## MATERIAL PROVIDED
****************************************
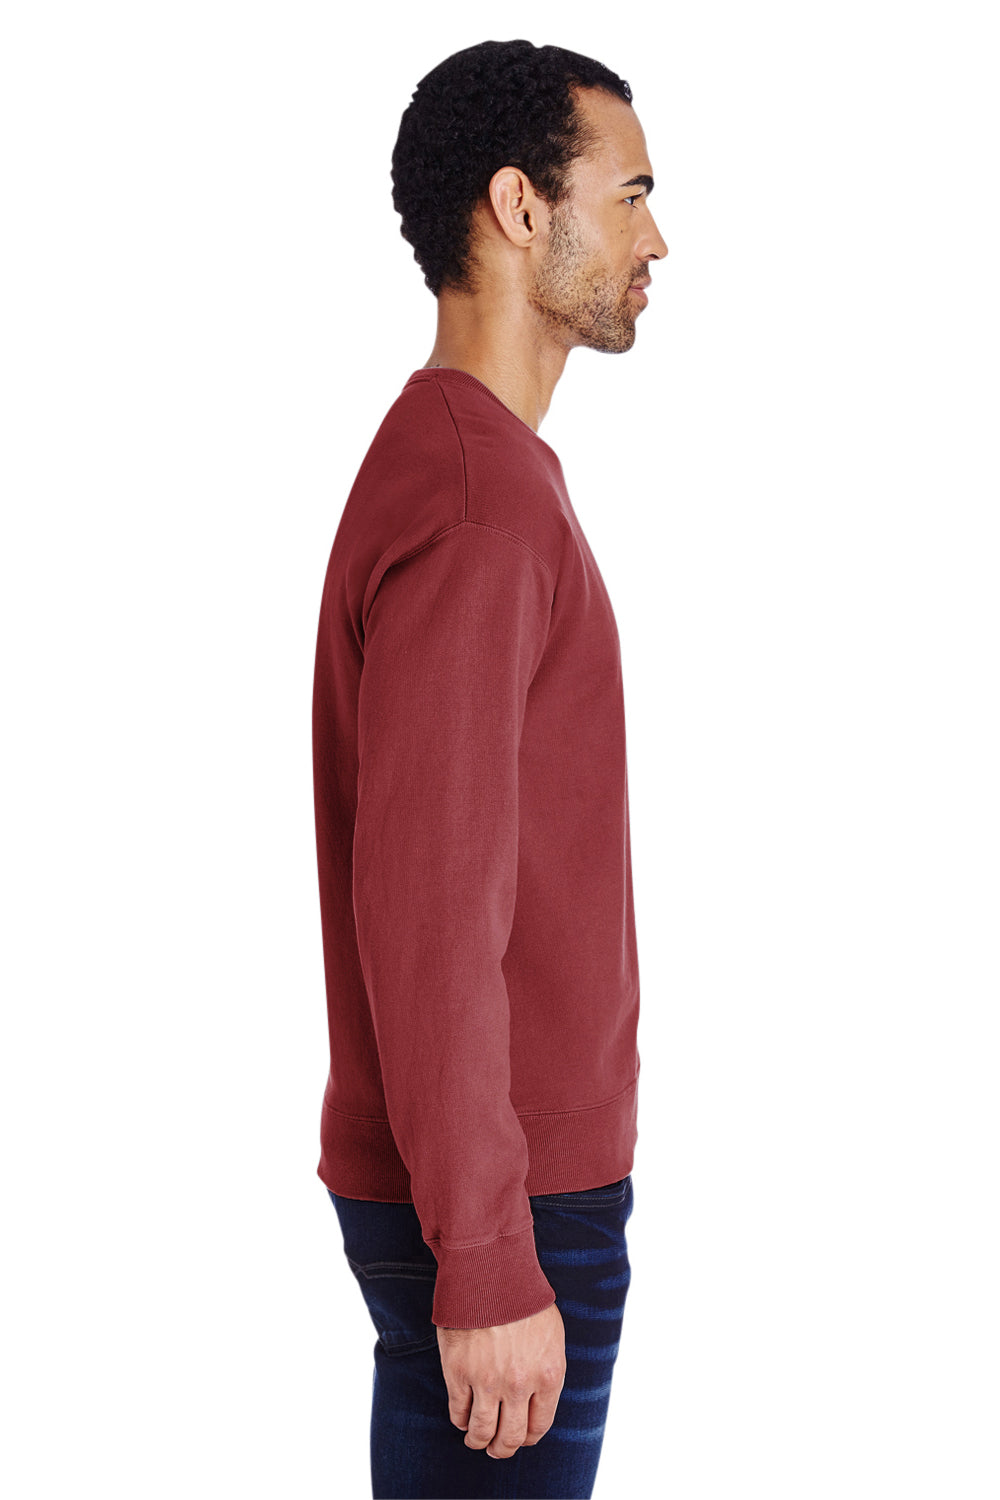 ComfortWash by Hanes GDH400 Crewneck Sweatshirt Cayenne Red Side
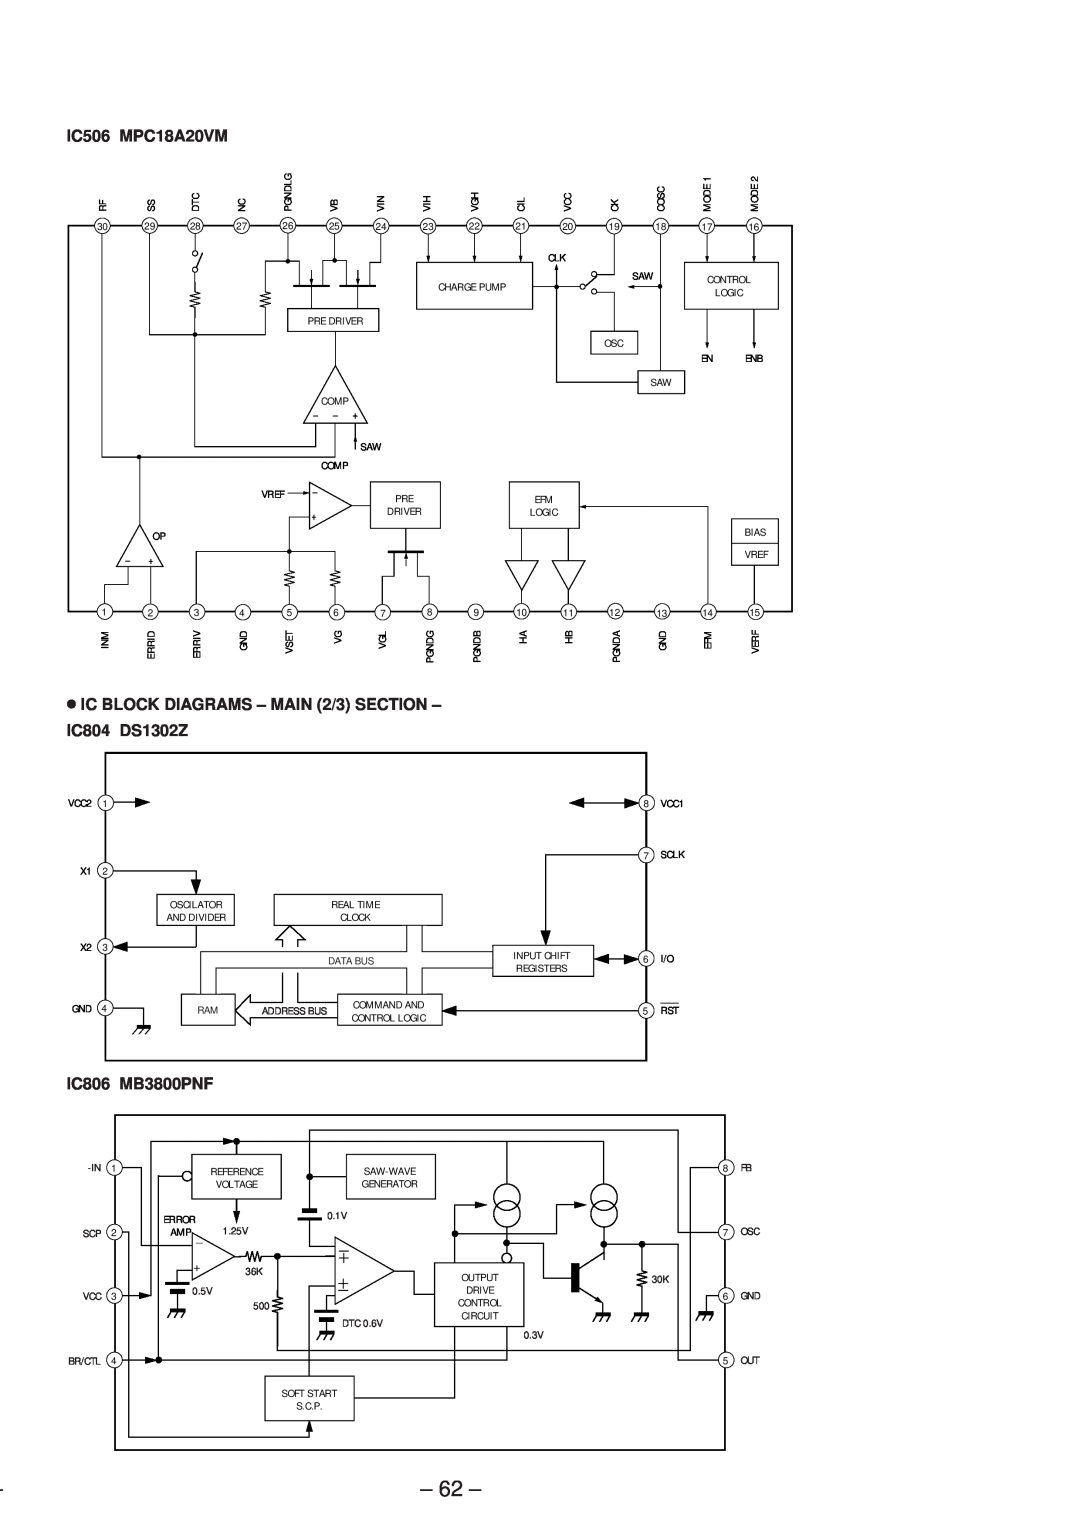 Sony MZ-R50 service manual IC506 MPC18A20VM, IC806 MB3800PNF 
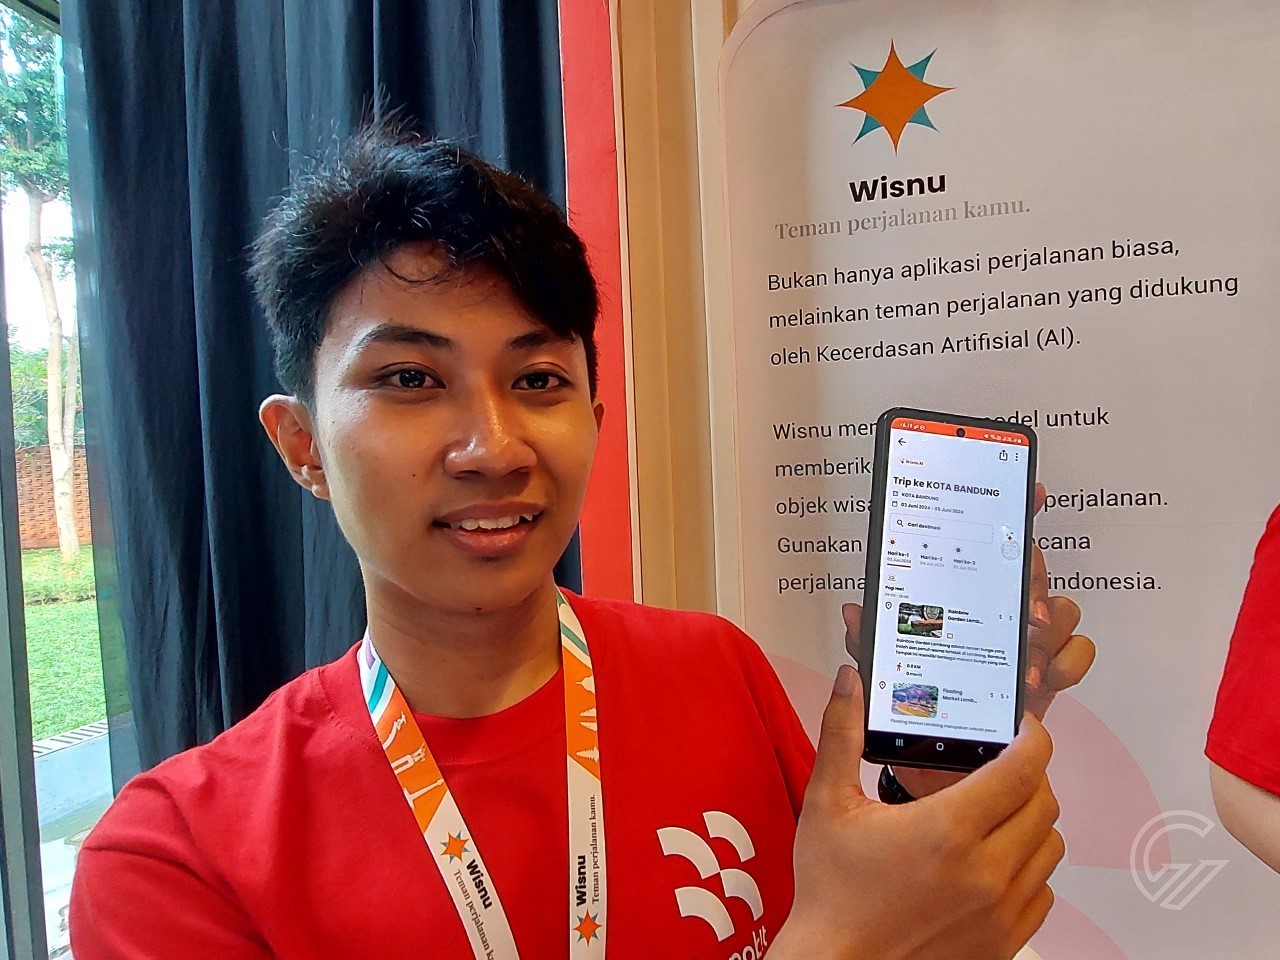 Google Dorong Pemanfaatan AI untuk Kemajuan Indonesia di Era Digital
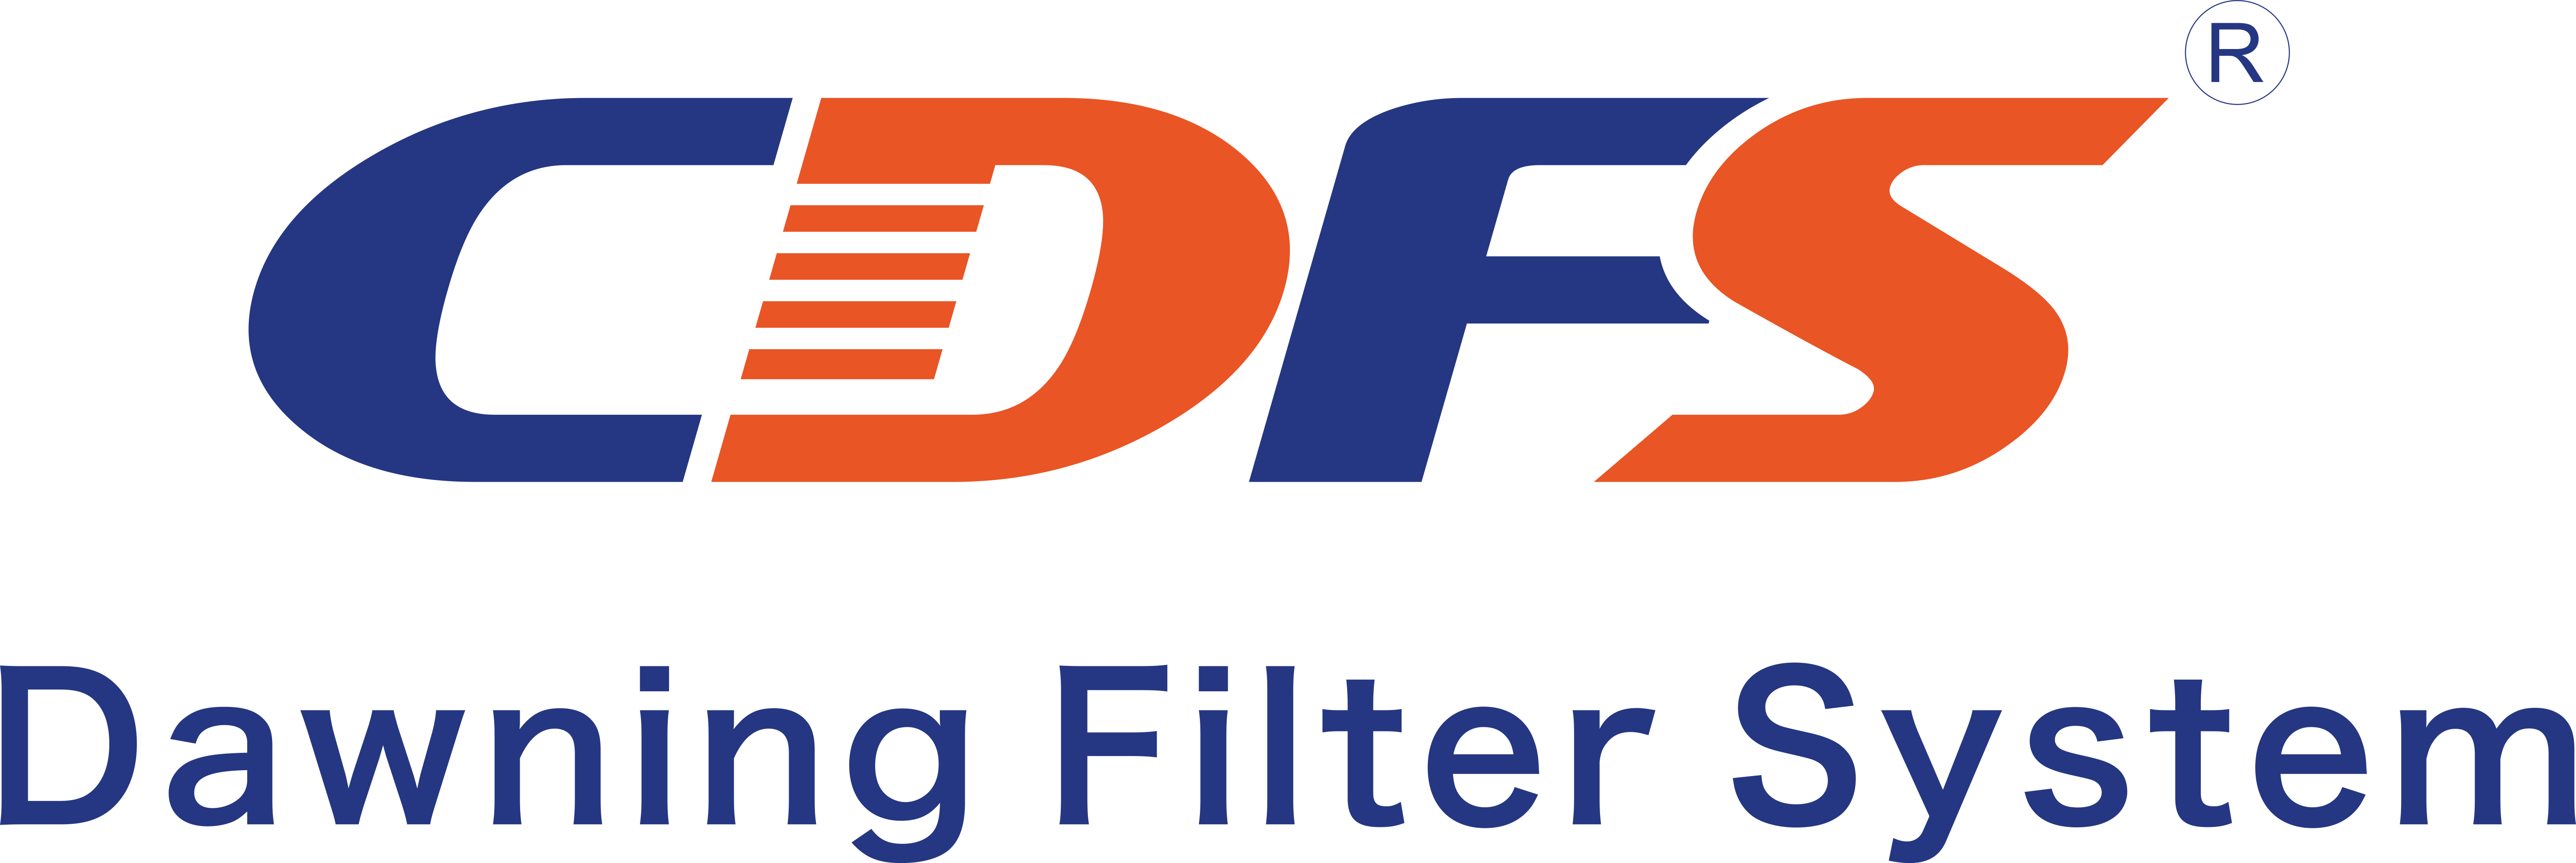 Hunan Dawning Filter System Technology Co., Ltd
****************************************
## TASK ITEM
Return all the data exactly, and keep the pictures out.

## TASK ANSWER
 ComfortWash by Hanes GDH400 Crewneck Sweatshirt Cayenne Red Side
 Sony MZ-R50 service manual IC506 MPC18A20VM, IC806 MB3800PNF 
 Google Dorong Pemanfaatan AI untuk Kemajuan Indonesia di Era Digital
 Hunan Dawning Filter System Technology Co., Ltd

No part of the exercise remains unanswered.